Performance of the method
In the last decades machine learning approaches have been successfully used to
address several biological problems and develop new prediction methods. We modified
a previously developed predictor introducing new three-dimensional structure
information. In particular we use new features to describe the structural environment of
the mutation considering a radius shell of 6 Å around the C-α. To quantify the
improvement of the accuracy resulting from the use of 3D structure information, we
compare the performances of a structure-based method (SVM-3D) with a sequence-
based one (SVM-SEQ). In Tab. 1 different accuracy measures for both predictors are
reported. The structure-based method results in 3% better overall accuracy and 0.06
better correlation. Comparing the ROC curves (Fig. 1 A), SVM-3D results in 0.02 better
Area Under the Curve (AUC) with respect to SVM-SEQ. If 10% of wrong predictions are
accepted SVM-3D has 6% more true positive. The output returned by the SVM has been
used to calculate the Reliability Index (RI) and filter prediction. If predictions with RI>5
are selected the SVM-3D method results in 90% overall accuracy, 0.81 correlation
coefficient on 74% of the whole dataset (see Fig 1 B). Analyzing the predictions of SVM-
SEQ and SVM-3D methods we found that outputs agree in the 88% of the cases. On this
subset the overall accuracy is 86% and the correlation coefficient of the method is 0.73.

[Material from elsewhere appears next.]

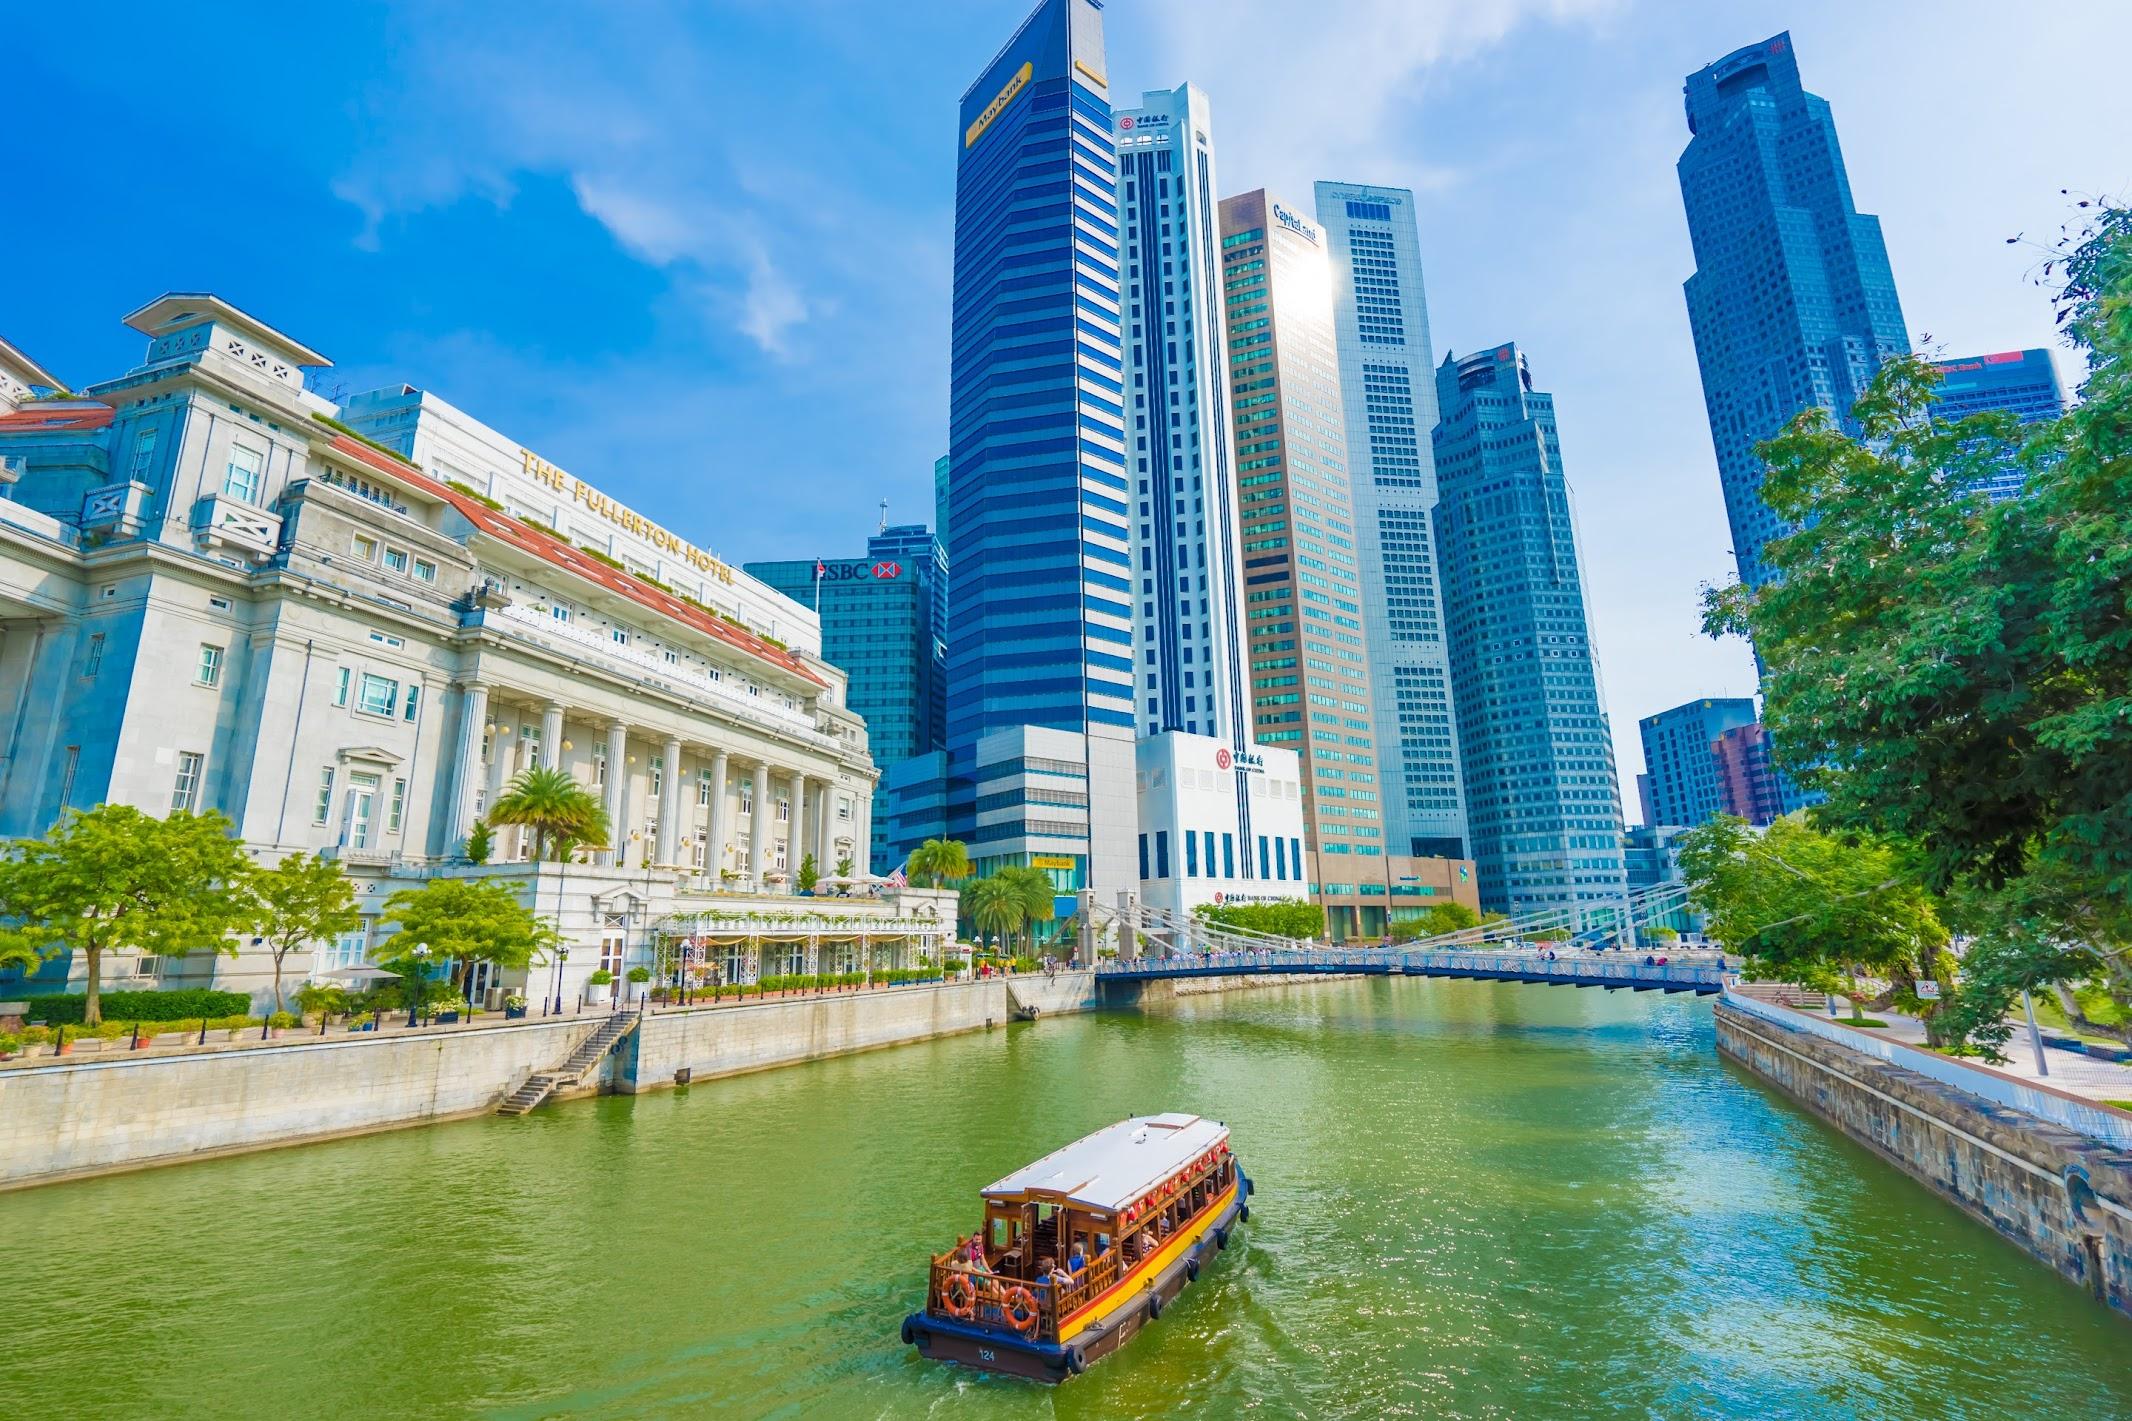 シンガポール フラトン・ホテル リバー・クルーズ2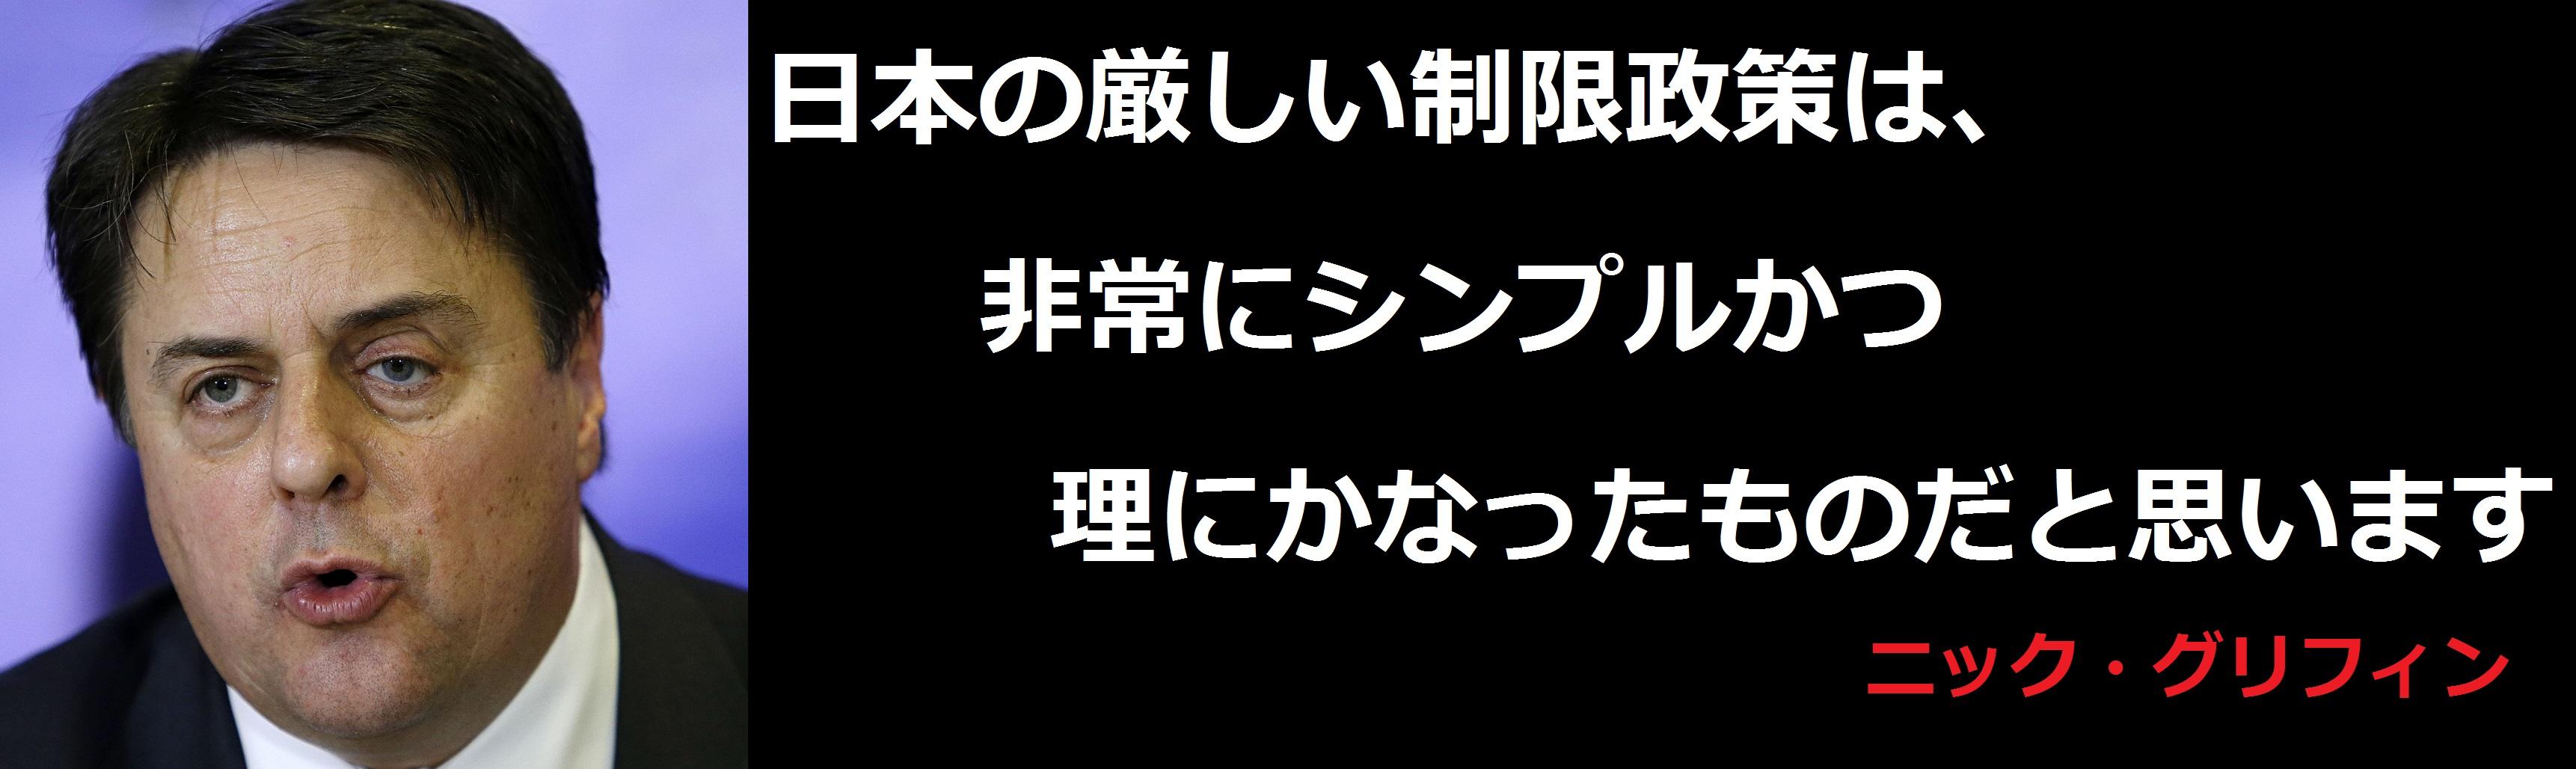 f:id:JAPbuster:20170210215652j:plain

For the remaining 12% of the predictions, SVM-SEQ method results in a very poor
overall accuracy and correlation respectively 37% and -0.25. SVM-3D performs slightly
better than a random predictor resulting in 63% overall accuracy and a 0.25 correlation
(see Tab 2).

Structure environment analysis
Protein three-dimensional structural information is an important feature to predict the
effect of SAPs. The analysis of the protein structure provides information about the
environment of the mutation. In fact, the effect of the mutation depends on the position of
the mutated residue, if it is buried in the hydrophobic core or exposed on the surface of
the protein. In Fig. 2 panel A the distributions of the relative solvent accessible area
(RSA) for disease-related and neutral variants are plotted. The two distributions have
mean RSA values of 20.6 and 35.7 respectively for disease-related and neutral variants
(see Fig 2 panel A). They are significantly different and the Kolmogorov-Smirnov test
returns a p-value of 2.8*10-71. We calculated the overall accuracy and correlation
coefficient of our method dividing the dataset in 10 bins according to RSA value of the
mutated residue. The SVM-3D method shows better performance in the prediction of
buried (RSA<20) and highly exposed (RSA>80) residues (see Fig 2 panel B).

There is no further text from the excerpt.